I'd give it an 86. It's got a great beat, and you can genuflect before Ba'al to it...

Reminds me a bit of the fourth movement of the glorious Ninth.

So much for Dr. Howard Bannister's theory on the inherent tonal qualities in the igneous rock formations of early man.

how soon before this turns up in a kia commercial?

isn't that the demo tune of old Casiotone?

I have the real oldest recordings made on Indian wire recorders found buried outside Curio AZ.

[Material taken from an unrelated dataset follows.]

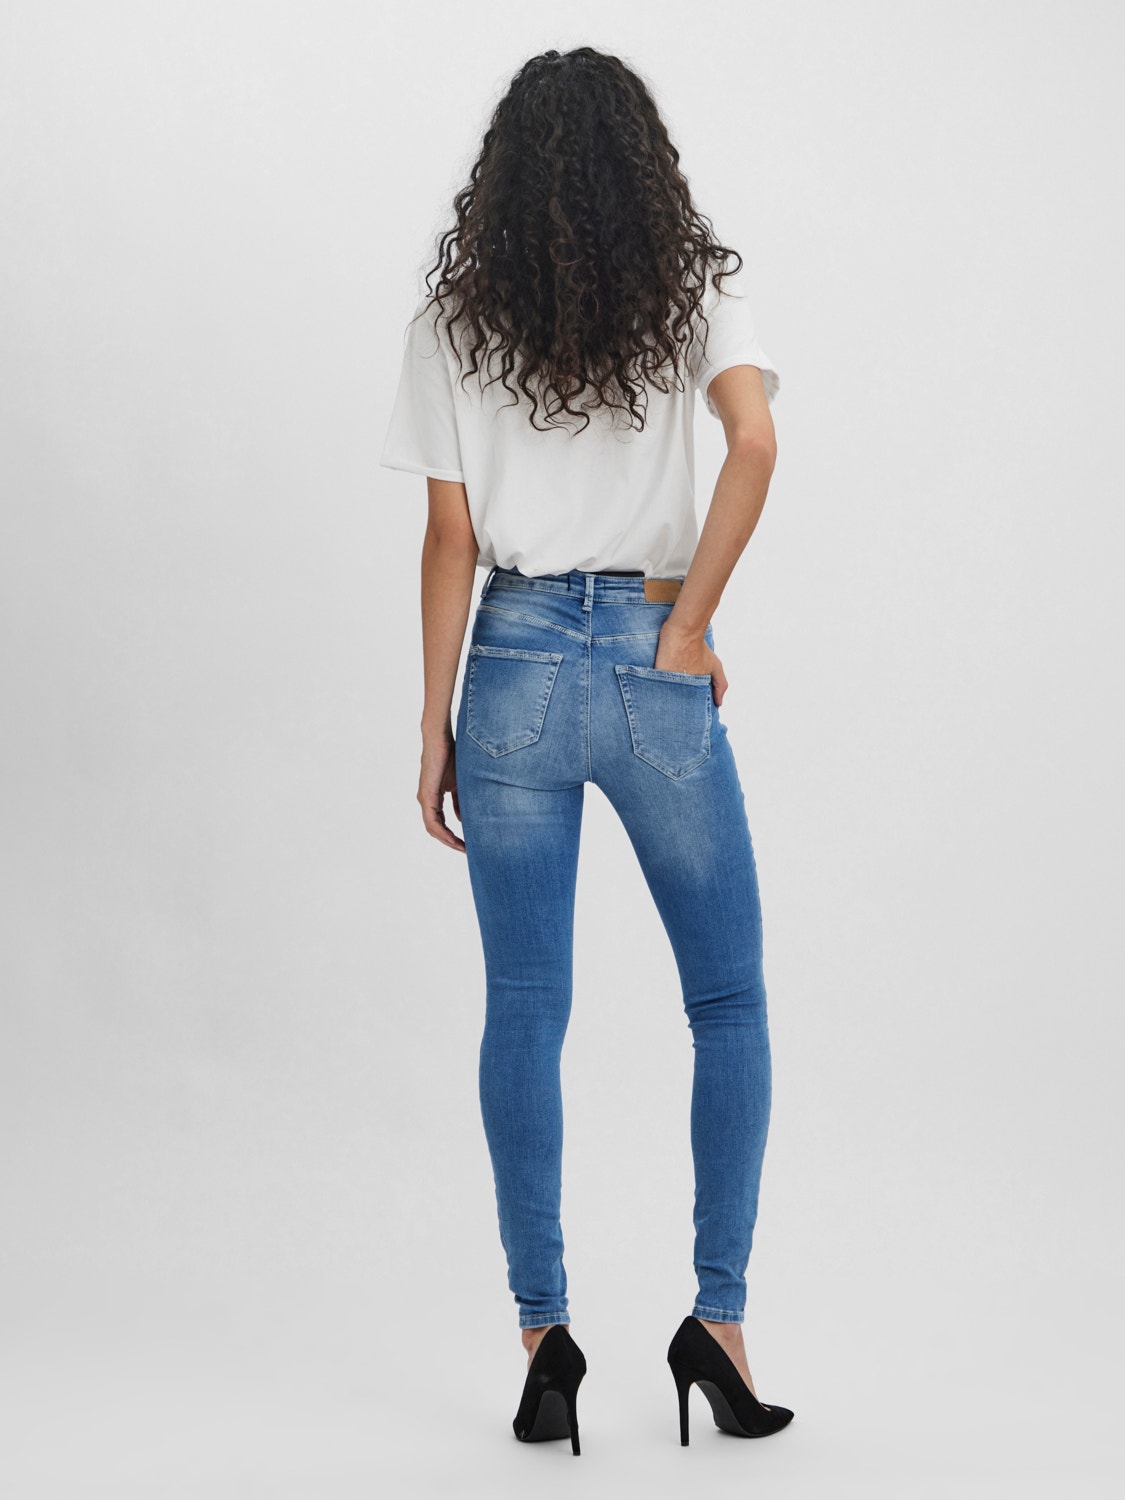 Moda® rise Vero | with VMSOPHIA High 60% Jeans discount!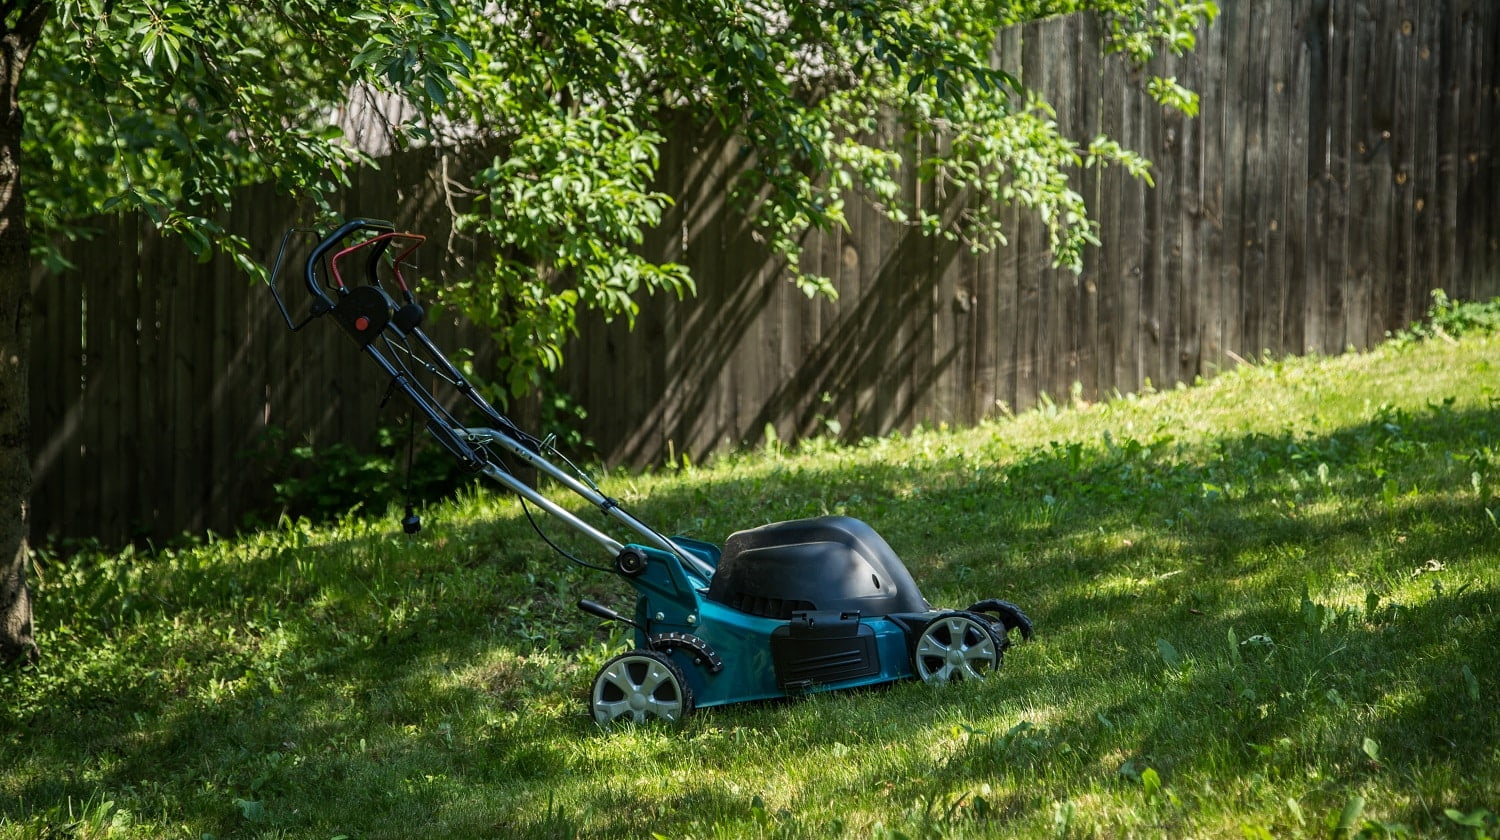 lawnmower on green grass in the backyard

write to me for real story

Happy Harry Cox
Blue Mouse Trailer Resort
Hellmouth, CA 90666

I haven't heard it yet, but I'm going to pretend its "Free Bird" until I actually do.

I listened to it, and thankfully, its not "Freebird." It has a real call and respond sound to it.

I thought the oldest song was the "Ur-song." I wish I'd known this earlier. I could have told those guys in woodshop a thing or two. Maybe better that I didn't.

I think it is facinating. What an amazing discovery.

It is Syria; my home land, the country of old civilization…

Thanks to Professor Anne Draffkorn Kilmer for deciphering this Sheet Music.
I think it is a gorgeous piece.

sounds..........old! id say itl get a 95%, 10% 4 age!!